Work item: Omitting the pictures, print every line below exactly as it stands.

Given information:
▬▬▬▬▬▬▬▬▬▬

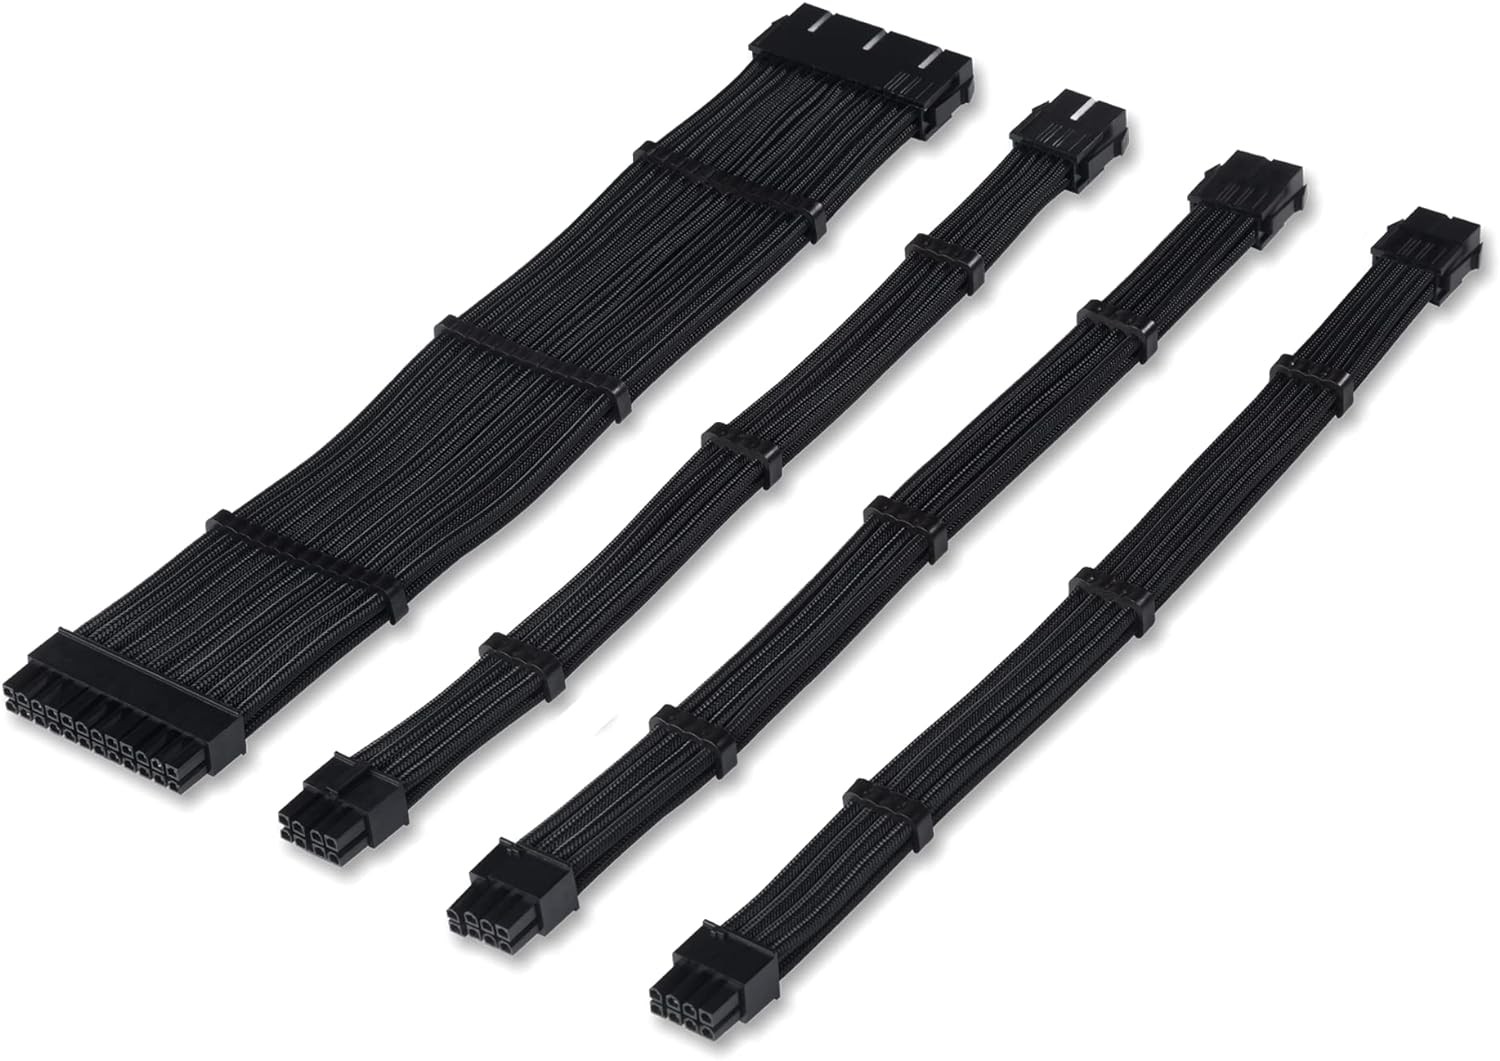 Tecware Flex Sleeved Extension Cables Set (Black) TWAC-FLEXBK
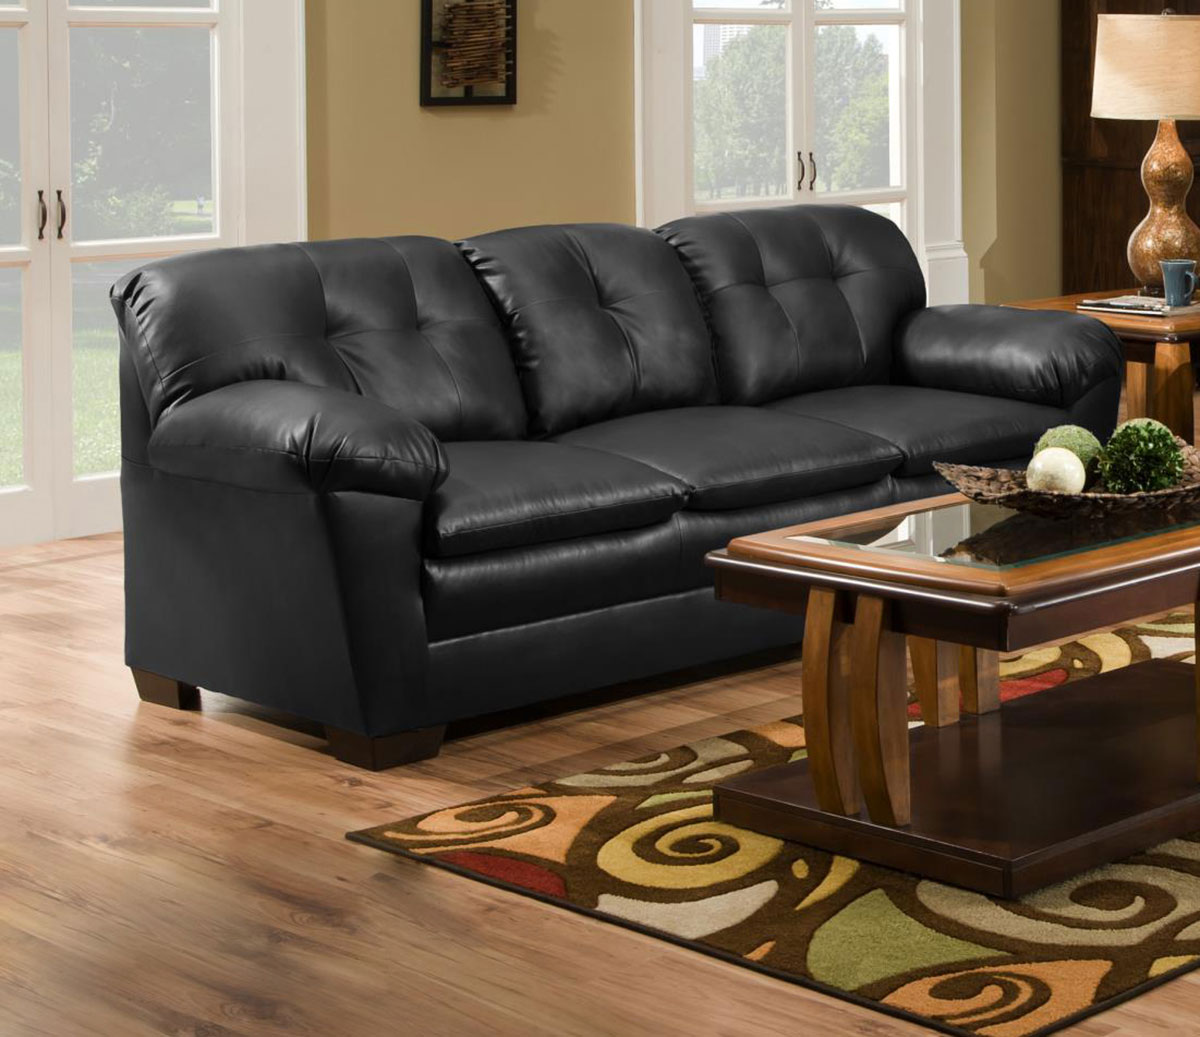 Chelsea Home Clover Sofa Set - Black
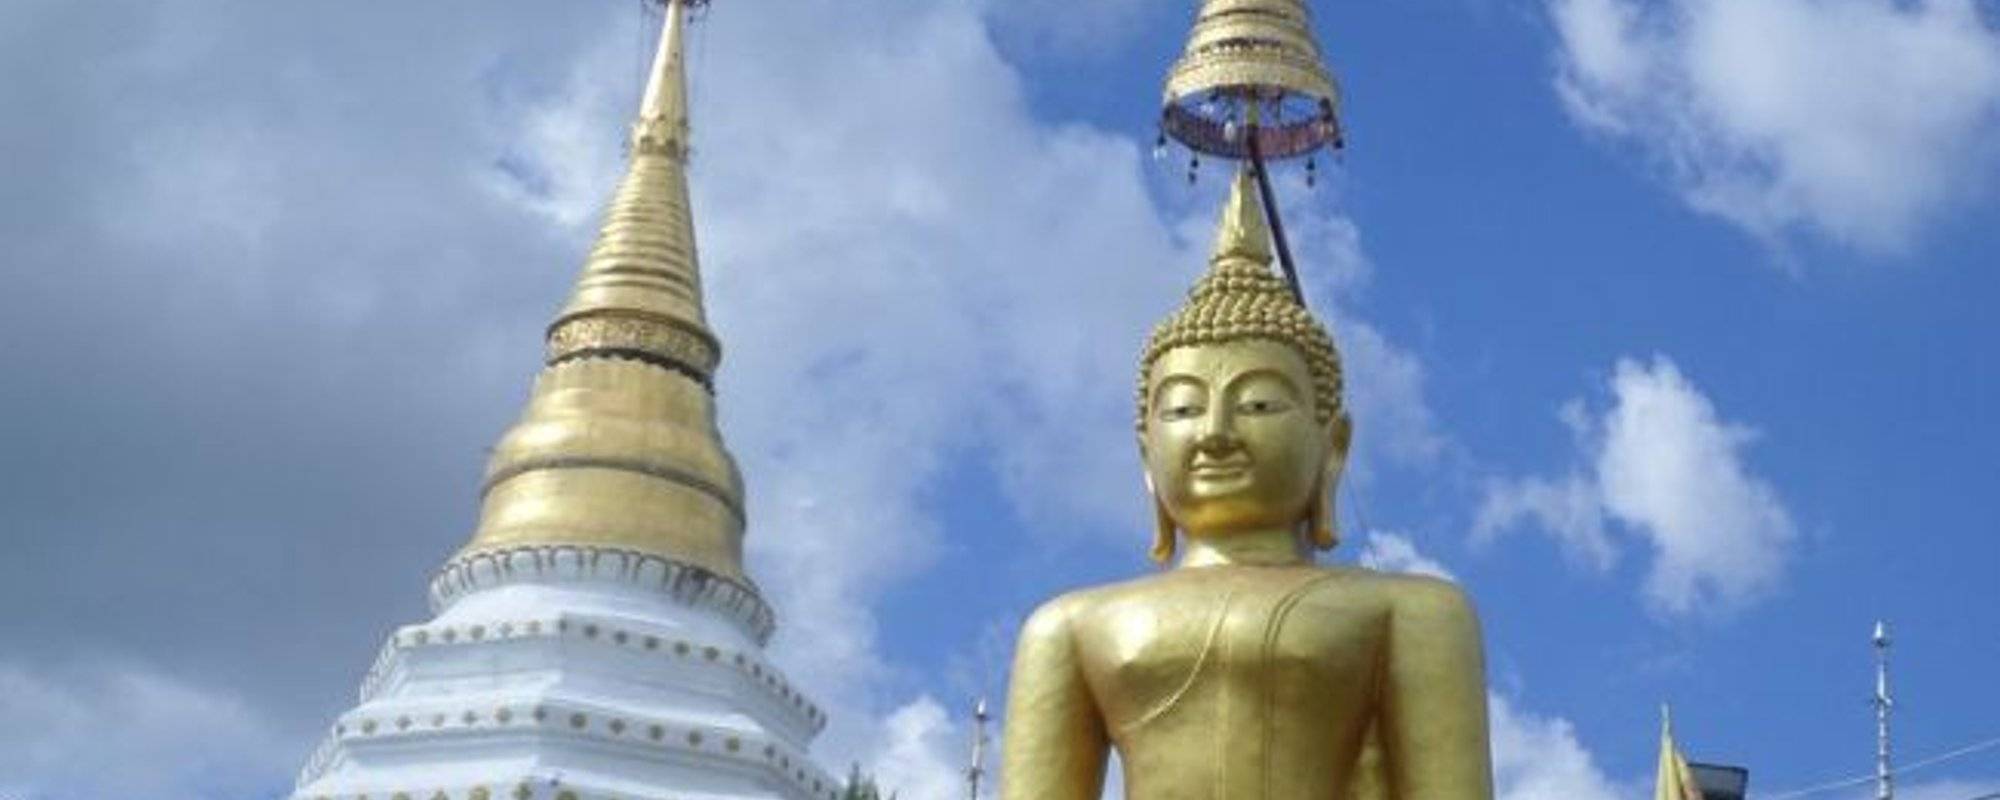 Travel Pro Report: Chiang Mai Thailand - Rating 9.6 - Travel Pro Author: @world-travel-pro

▬▬▬▬▬▬▬▬▬▬

Solution for this exercise:
 Tecware Flex Sleeved Extension Cables Set (Black) TWAC-FLEXBK
 Chelsea Home Clover Sofa Set - Black
 Travel Pro Report: Chiang Mai Thailand - Rating 9.6 - Travel Pro Author: @world-travel-pro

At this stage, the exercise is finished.